Most of all though, a eulogy is a cathartic experience, for you and for the deceased’s family and friends. It is an opportunity to remember the good things about the life just ended and to face the emotions of sadness and loss, fondness and love and remembered joy. Here are a few tips to help you along.

  • A eulogy is not a biography and you don’t have to cover every aspect of the deceased’s life. Use your own memories and impressions and, if you feel you want to, ask family and friends for their stories, then name those who contribute.. ‘Uncle Joe told me..’.
  • Don’t forget that you’re not on your own. It’s not a theatrical performance (although it’ll probably feel like one) and the audience will be on your side. Make sure you have water to drink while you are giving the eulogy and take a moment to breathe deeply and focus yourself before you start. If you have to stop in the middle to compose yourself, don’t panic. Remember that your audience are in the same emotional state. Give yourself a minute to recover your composure. Take a drink of water and carry on.
  • Choosing a theme, or two or three minor themes, will help you to focus. Perhaps the deceased’s character can be brought out by their love of a sport, or their involvement with children, brothers and sisters, parents or a particular cause. If you can, try and show how their character influenced their choices in life.

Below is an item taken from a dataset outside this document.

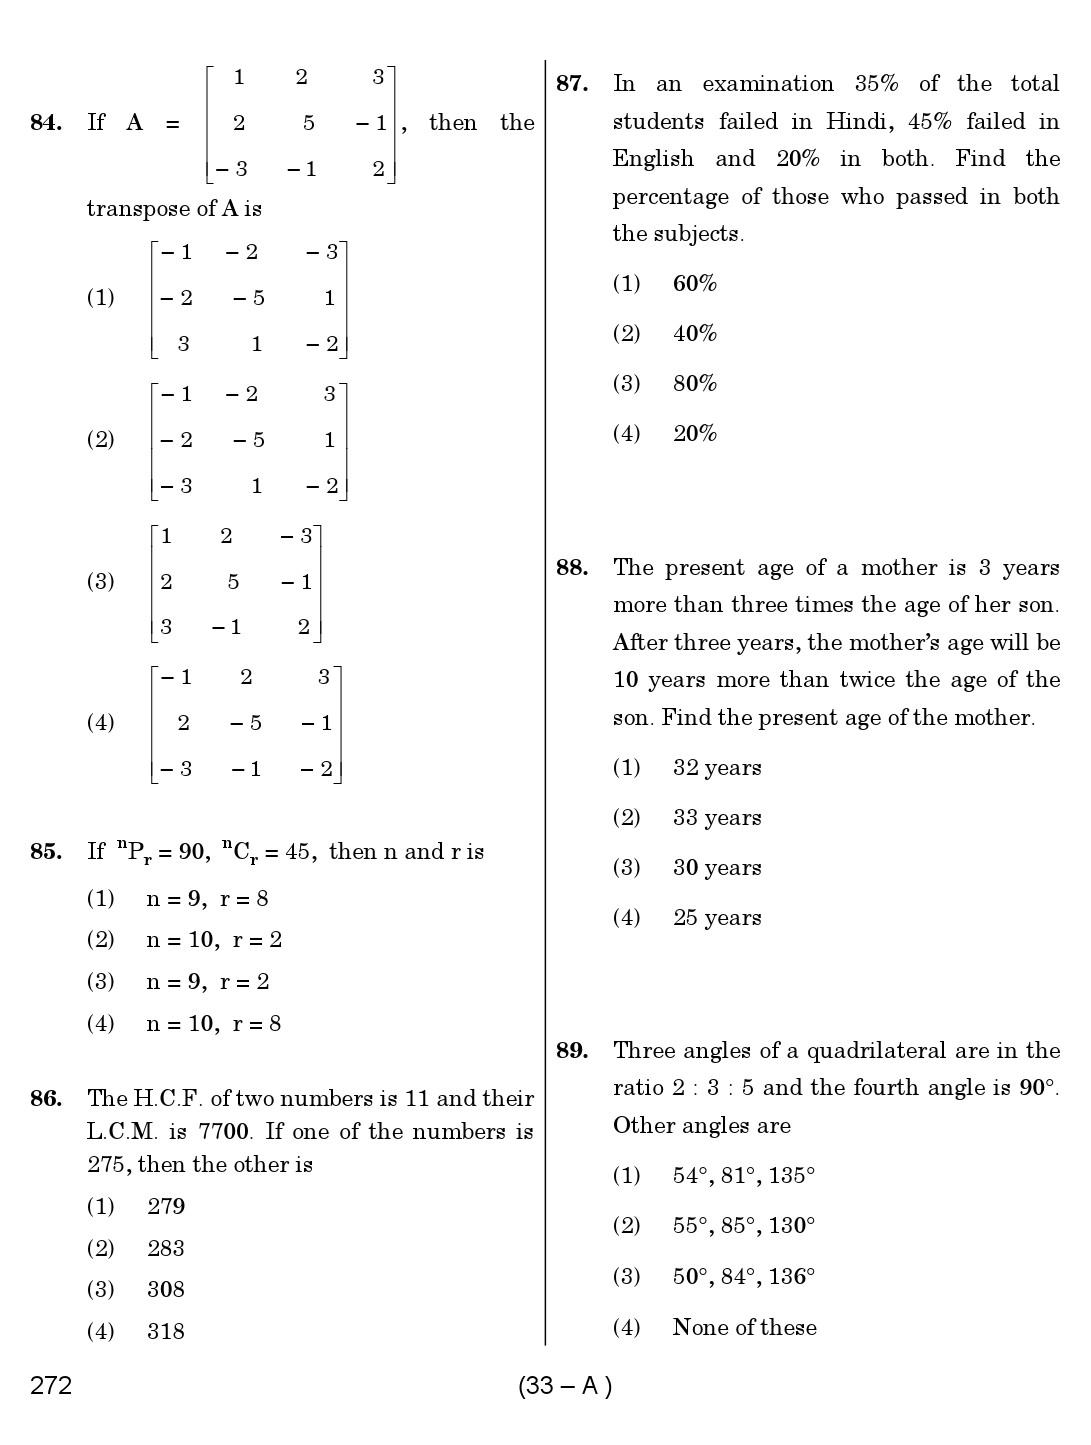 Karnataka PSC Mathematics Teacher Exam Sample Question Paper Subject code 272 33

  • A eulogy is not a whitewash of negative character traits, but it’s not an opportunity to point them out either. Few of us are saintly, but the eulogy should concentrate on what was positive in a life. Omit the bad things if you can, there’ll be plenty of discussion of those later. If it’s not possible to talk about the deceased without mentioning something negative, try and put it in context.. ‘He fought his temper, but he was sometimes on the losing side..’.
  • Don’t be afraid to use poetry or quotations. If they mean something to you, friends and family in the context of the deceased then it doesn’t matter if it’s the words to ‘the Birdy Song’ or ‘Danny Boy’. This is remembrance from the heart, not great oratory, but do try to avoid clichés like ..’We are gathered here today..’, ‘..They never had a cross word..’, or ‘..She was a friend to everyone..’.

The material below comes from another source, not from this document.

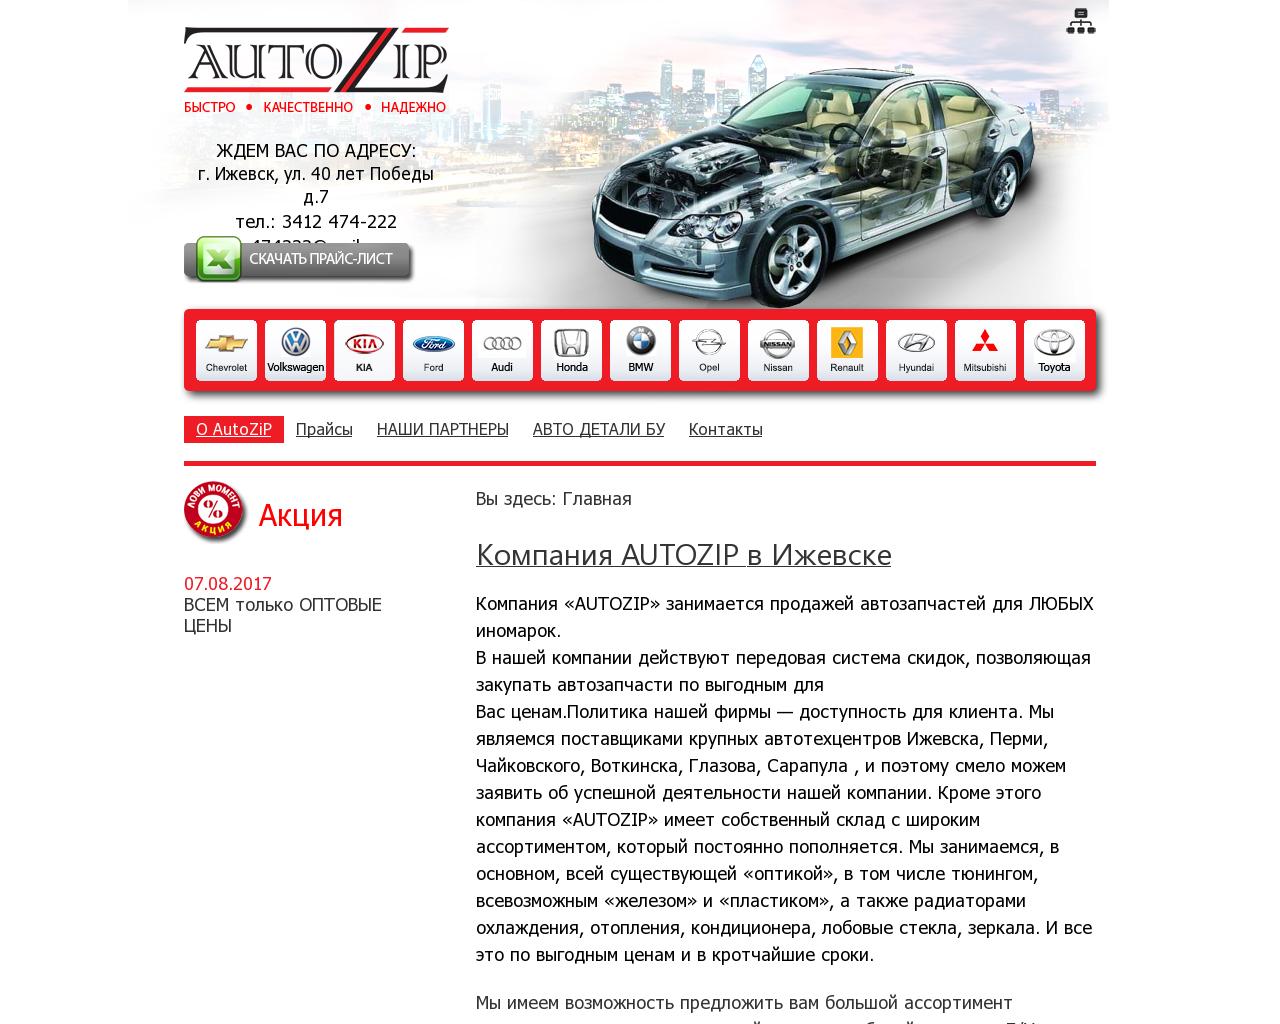 Изображение сайта autozip18.ru в разрешении 1280x1024

  • Think about the big achievements in the deceased’s life, the hurdles overcome, the milestones reached. And then add in the little things that made them who they were, their fondness for collecting beer mats, or an addiction to Maeve Binchy. Remember a time they were happy and a time they were sad and mention the people they were especially close to, giving, if you can, incidents or stories that illustrate that closeness.

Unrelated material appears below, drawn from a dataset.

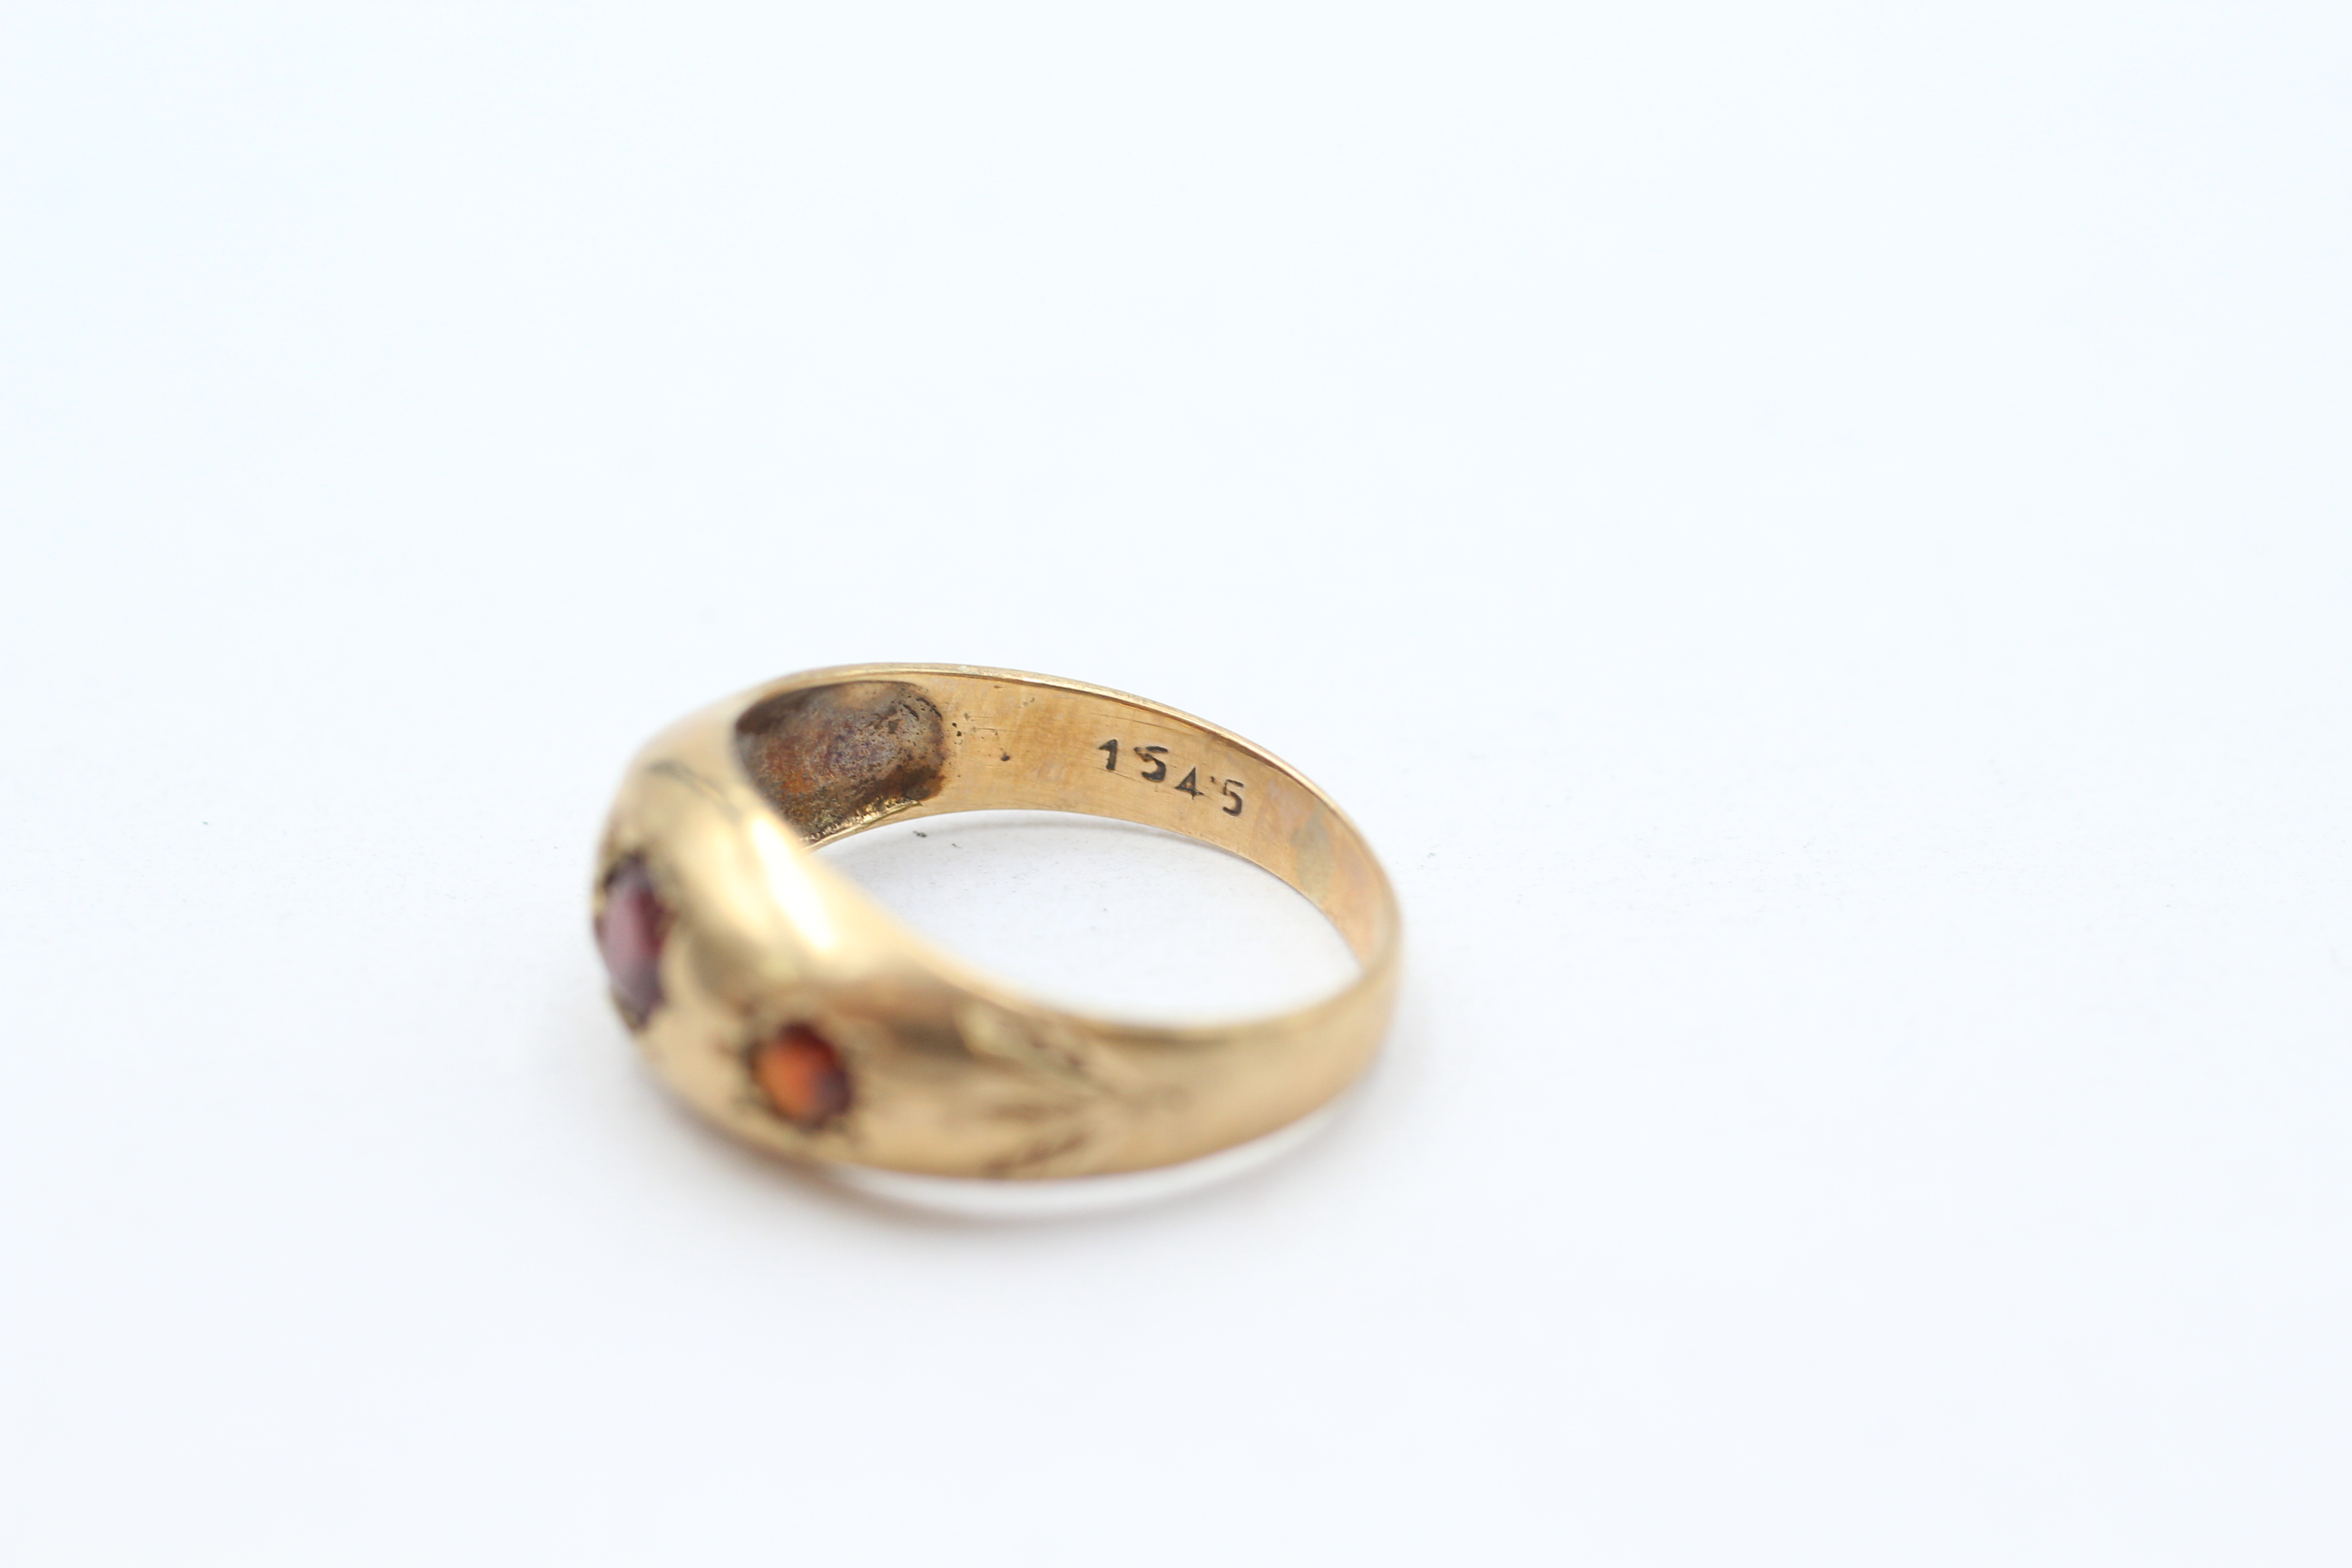 9ct gold antique garnet three stone ring with starburst motif Size M - 2.5 g - Image 5 of 5

  • Write your eulogy in a form that will help you to deliver it. For some people, it’s enough to put the major points on ‘prompt cards’ and then fill out the stories at the time. Other people prefer to write the whole thing out, word for word. Whichever you do, it is important to practise your delivery. If you write the speech out, try and write as you would speak and don’t worry too much about grammar. We rarely speak in proper sentences anyway and you should sound as if you’re speaking the eulogy, not reading it.
  • Make sure you get it right! If you are going to mention people, places or events that you don’t have first hand knowledge of, check names, facts and details first. There is nothing more distressing to someone at a funeral for a loved one than to hear their name given wrongly in the address.
  • You can end with a farewell to the deceased or a piece of music or a reading to remember them by or that was important to them. If you choose music or a reading, you could explain to those who might not know why it was important and what it means.

William Cowper said that ‘Grief is itself a medicine’ and writing and delivering a eulogy can help the healing process for you and your audience. Just remember, everyone’s on your side.

Finally, not all celebrants allow eulogies during the funeral service, so please make sure to ask for permission to deliver a eulogy.